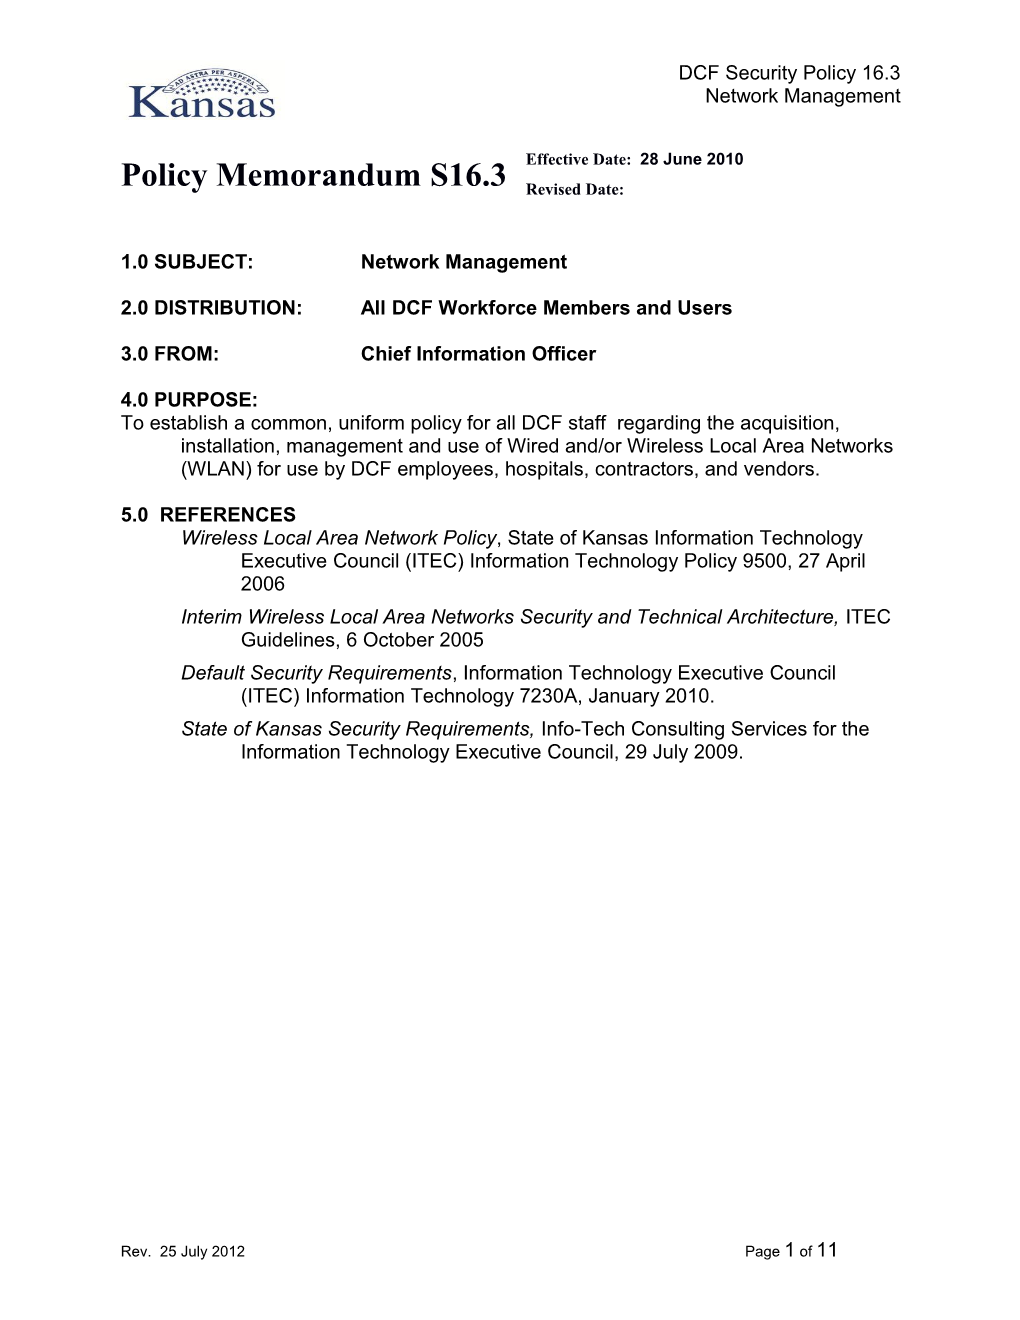 EVT1558 Appendix 1 DCF Network Mgt Policy
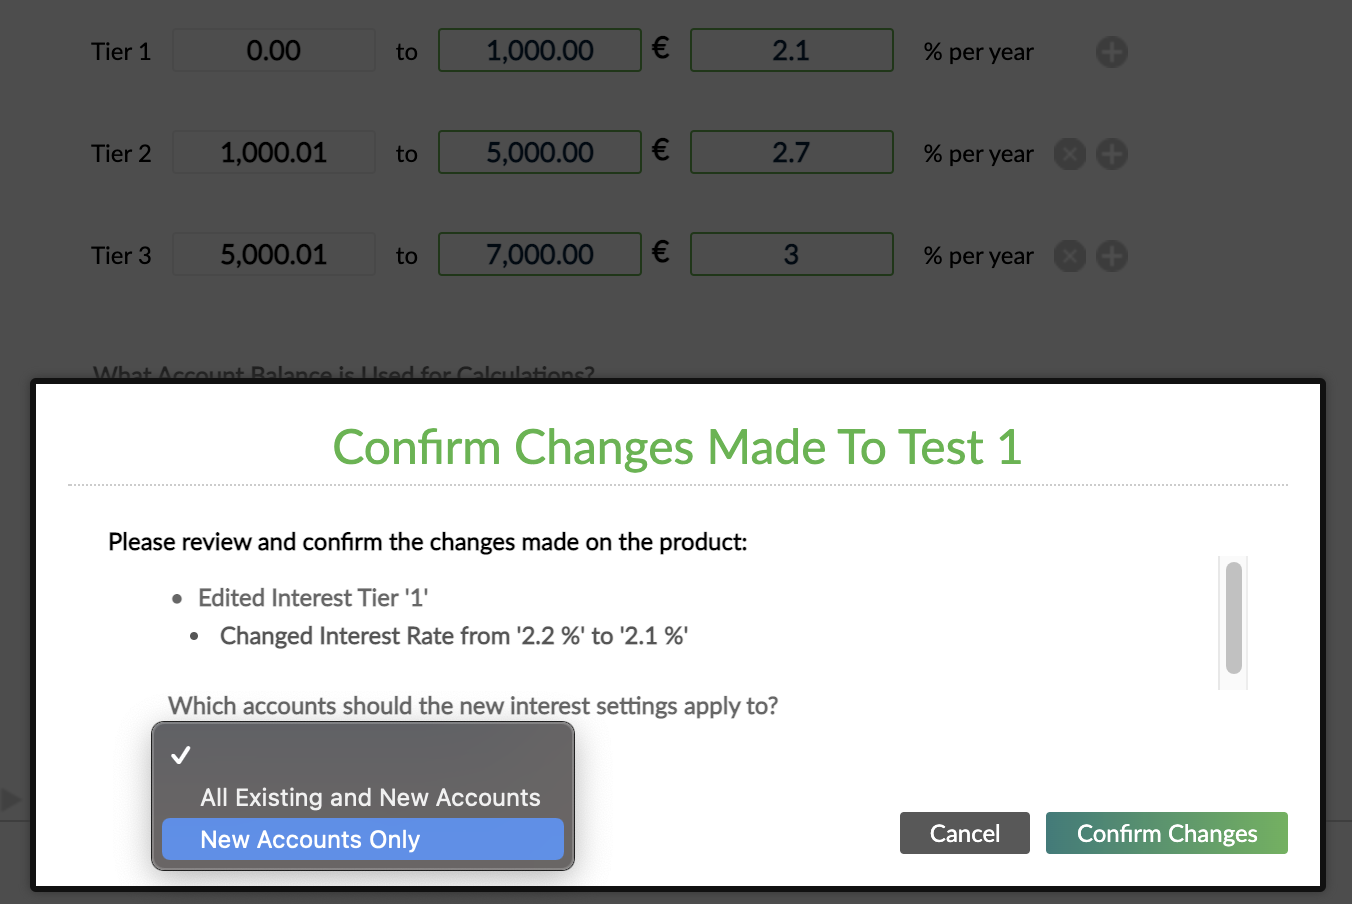 Confirm changes dialog where you can specify if you want your changes to apply to all existing and new accounts or To new accounts only
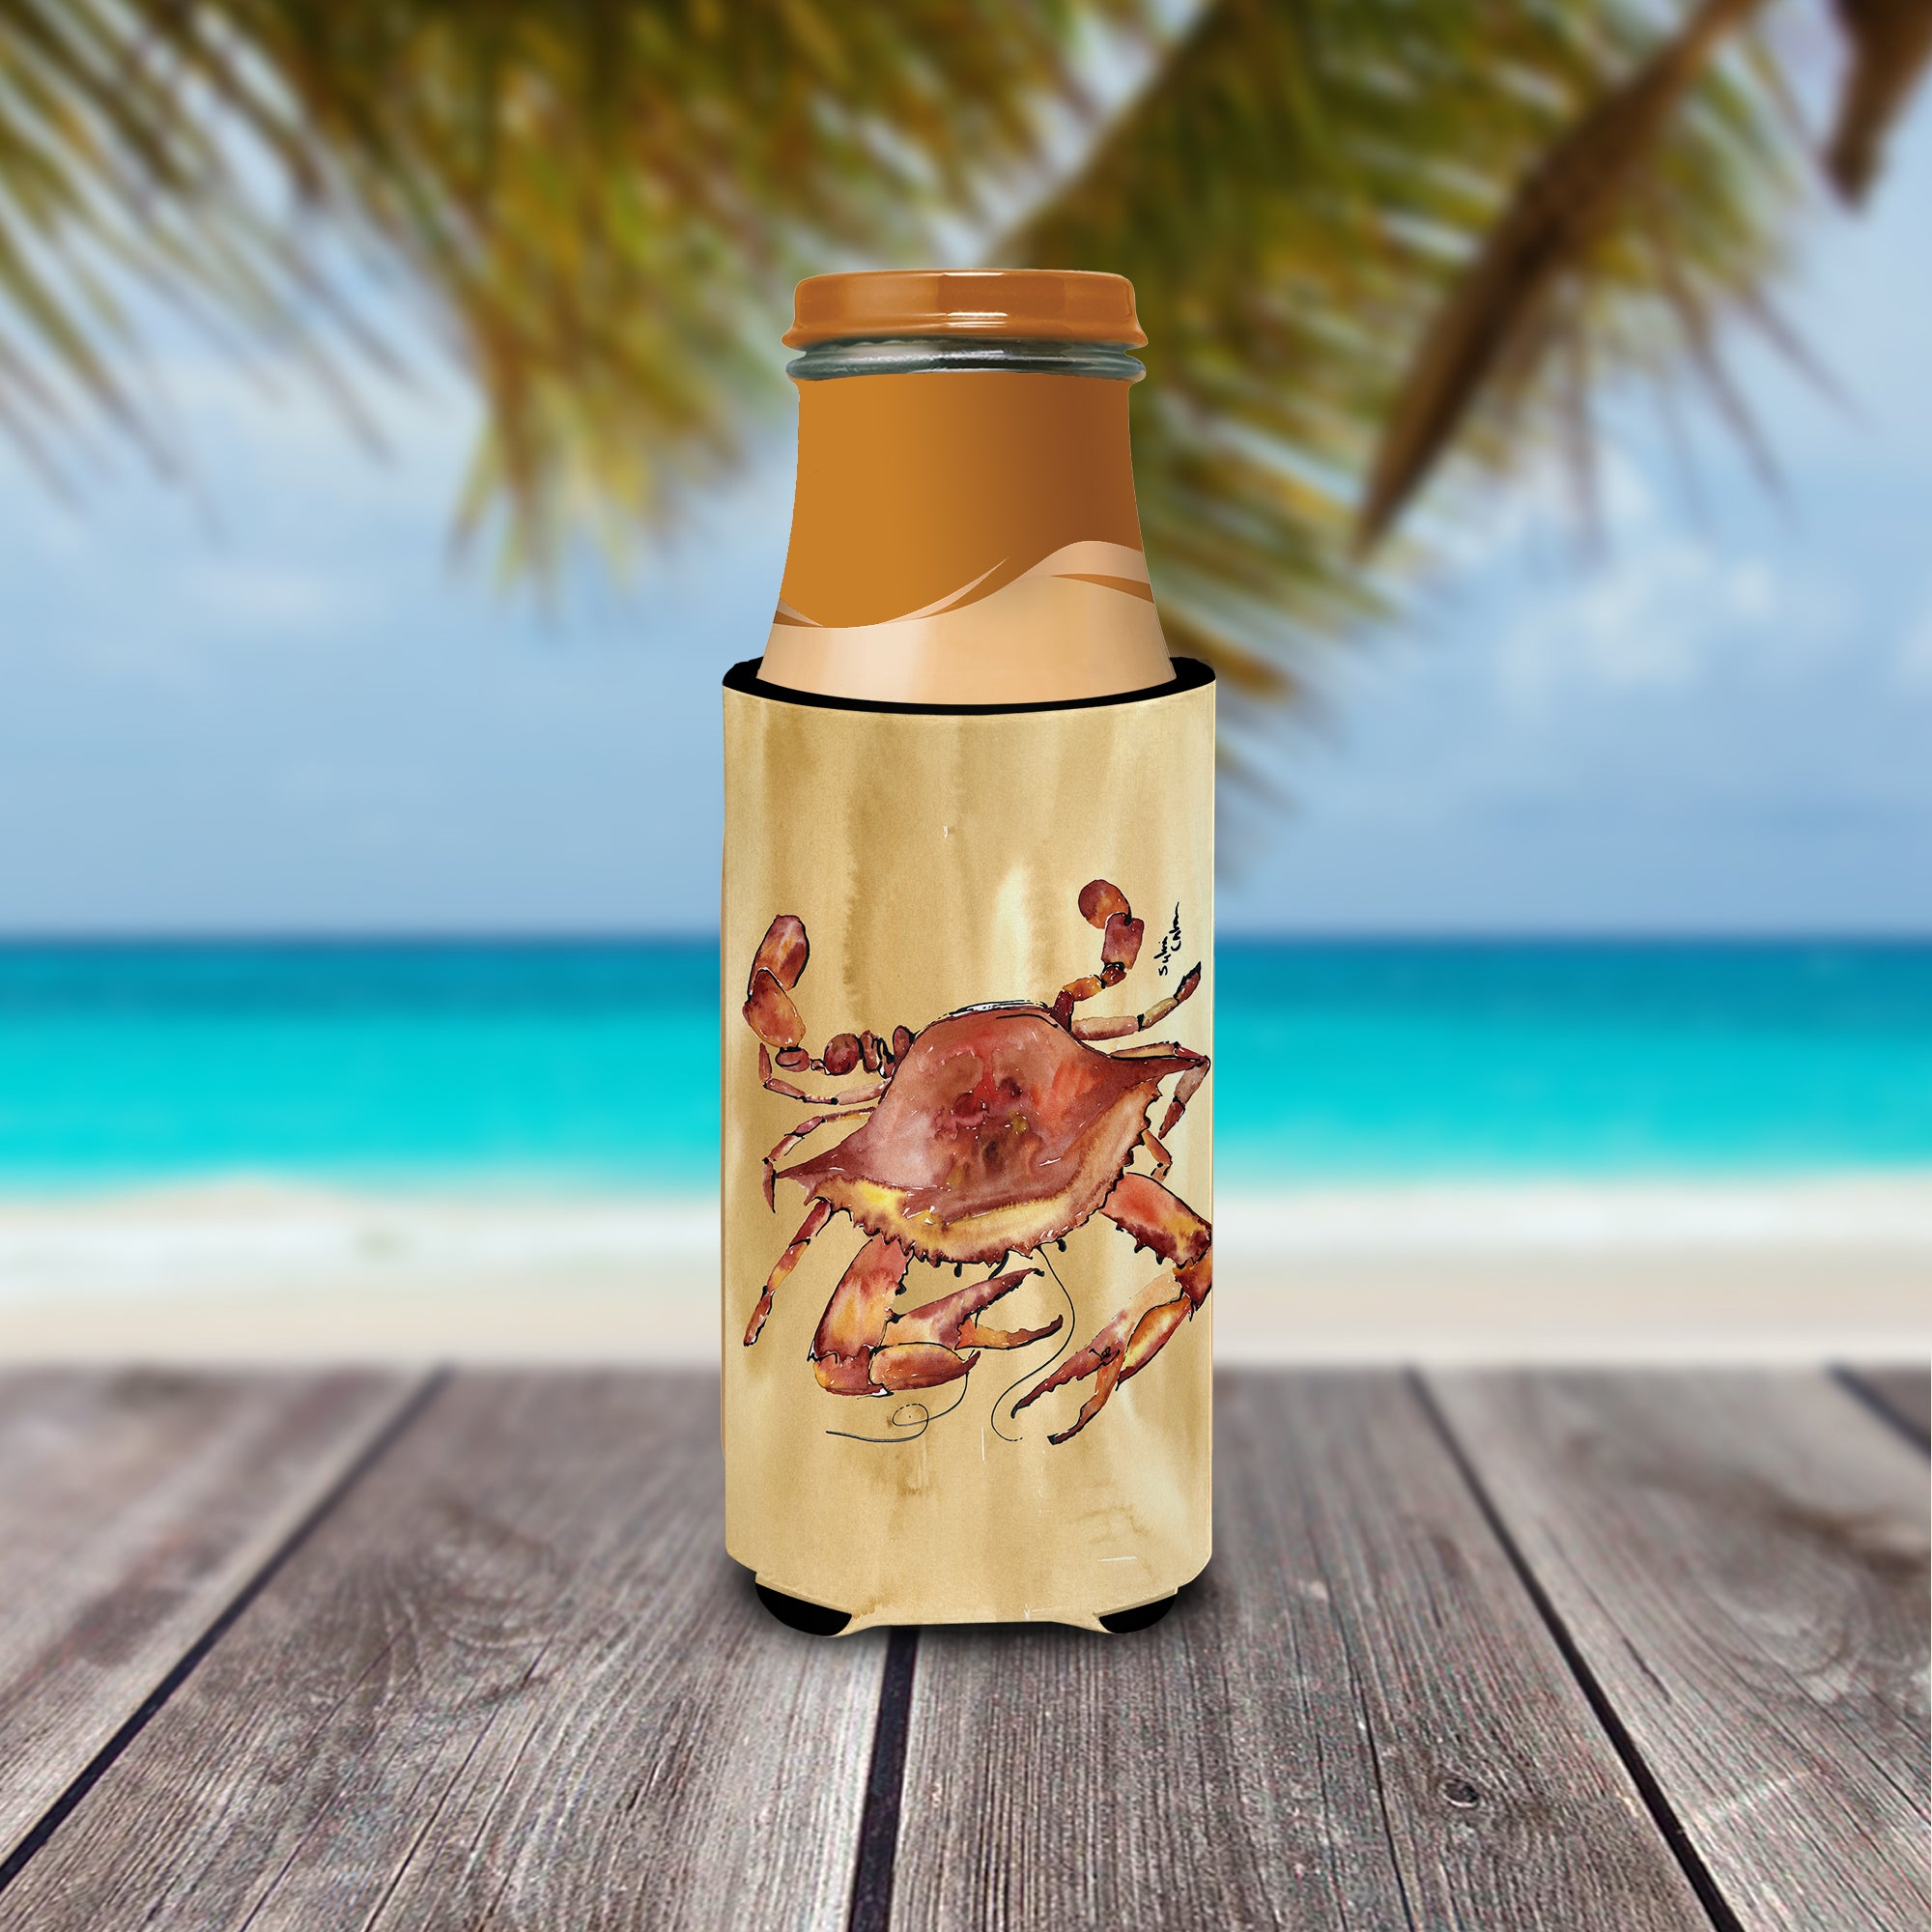 Cooked Crab Sandy Beach Ultra Beverage Insulators for slim cans 8154MUK
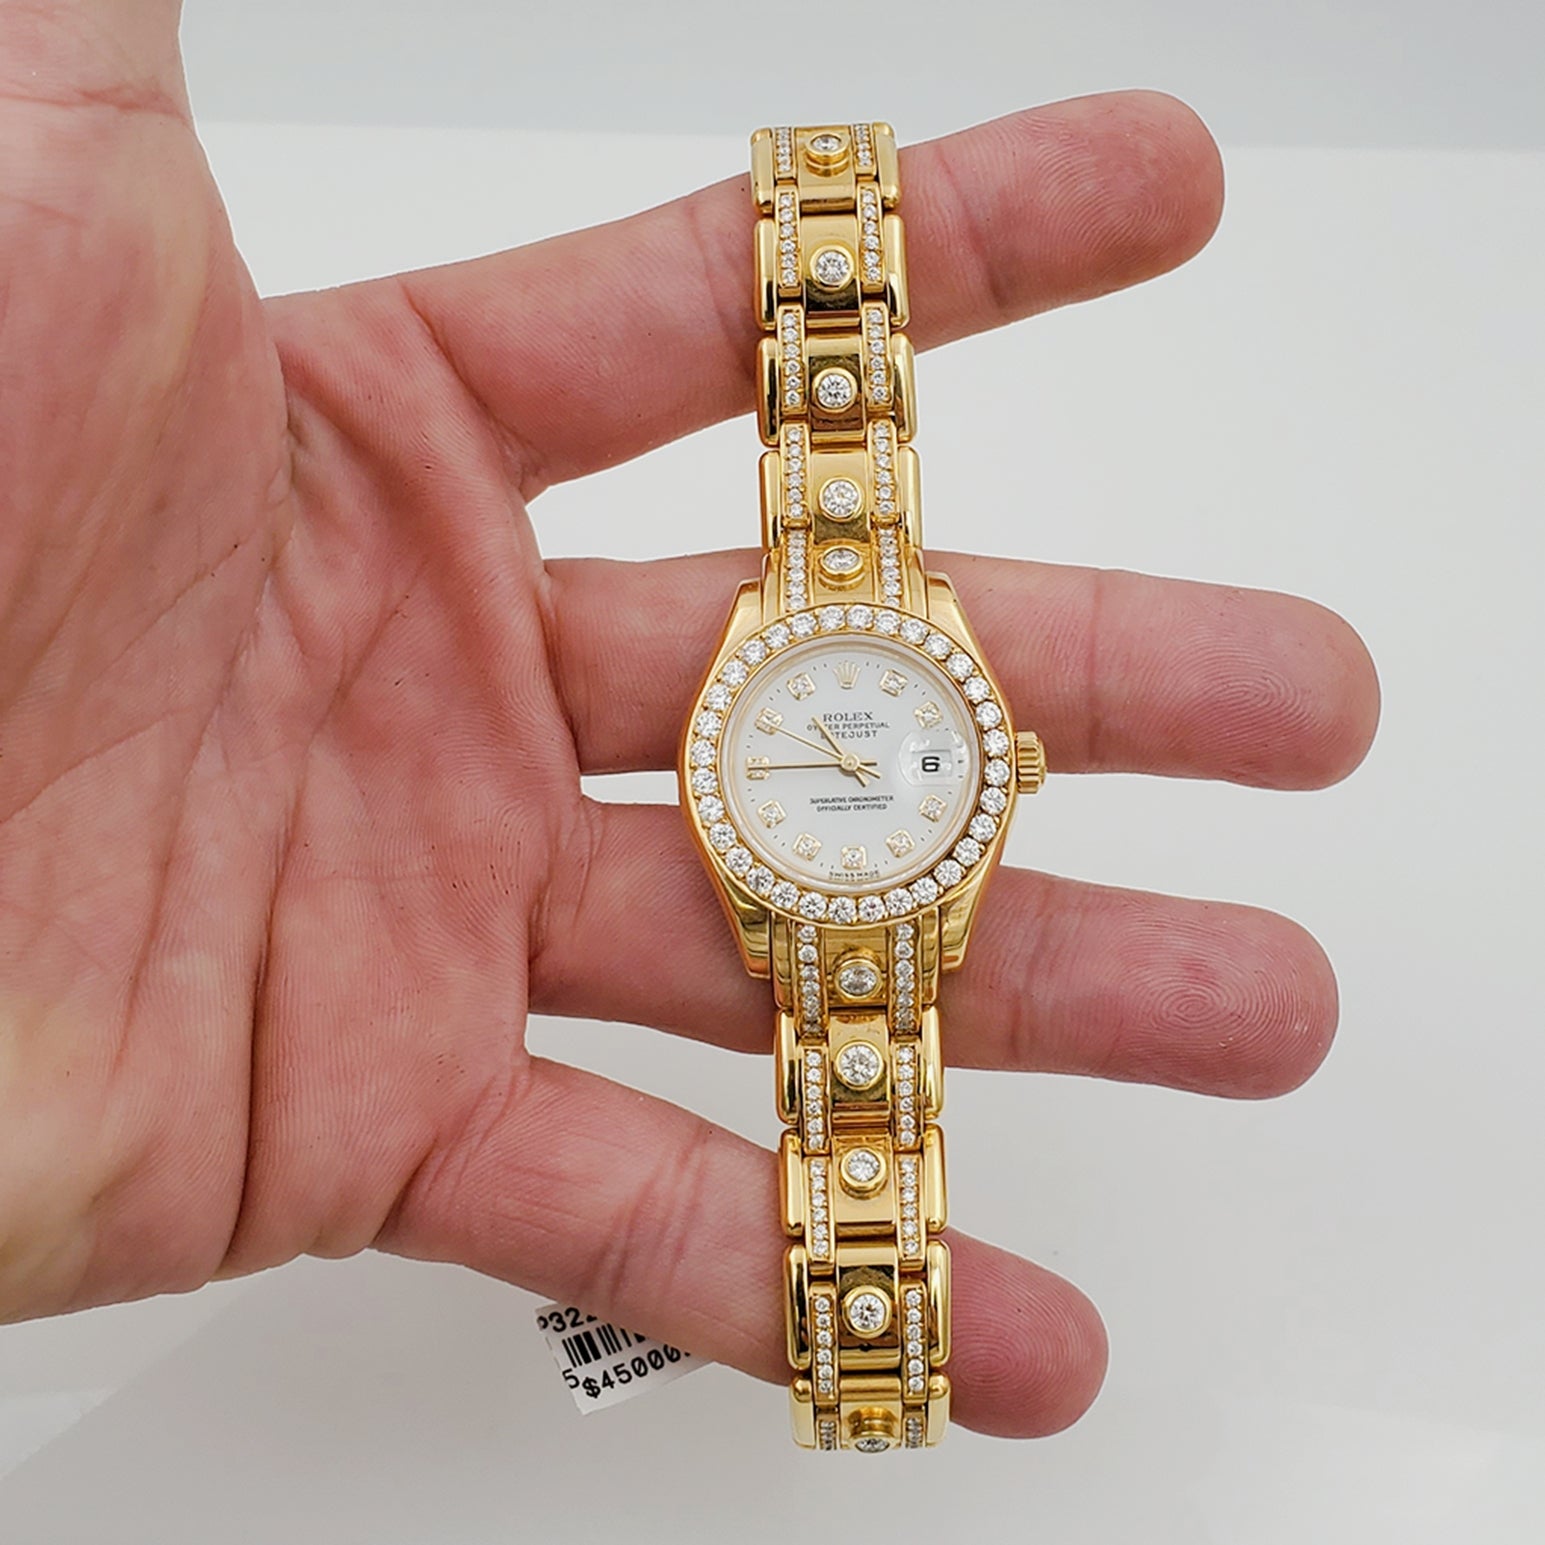 Ladies Rolex 29mm Pearlmaster 18k Yellow Gold Rolex Watch with White Diamond Dial, Diamond Bezel and Diamond Band. (Pre-Owned)
━━━━━━━━━━━━━━━━━━━━━━━━━━━━━━
> Work request:
Reproduce the listing above exactly, excluding all pictures.

> Exercise response:
 EVT1558 Appendix 1 DCF Network Mgt Policy
 Confirm changes dialog where you can specify if you want your changes to apply to all existing and new accounts or To new accounts only
 Cooked Crab Sandy Beach Ultra Beverage Insulators for slim cans 8154MUK
 Ladies Rolex 29mm Pearlmaster 18k Yellow Gold Rolex Watch with White Diamond Dial, Diamond Bezel and Diamond Band. (Pre-Owned)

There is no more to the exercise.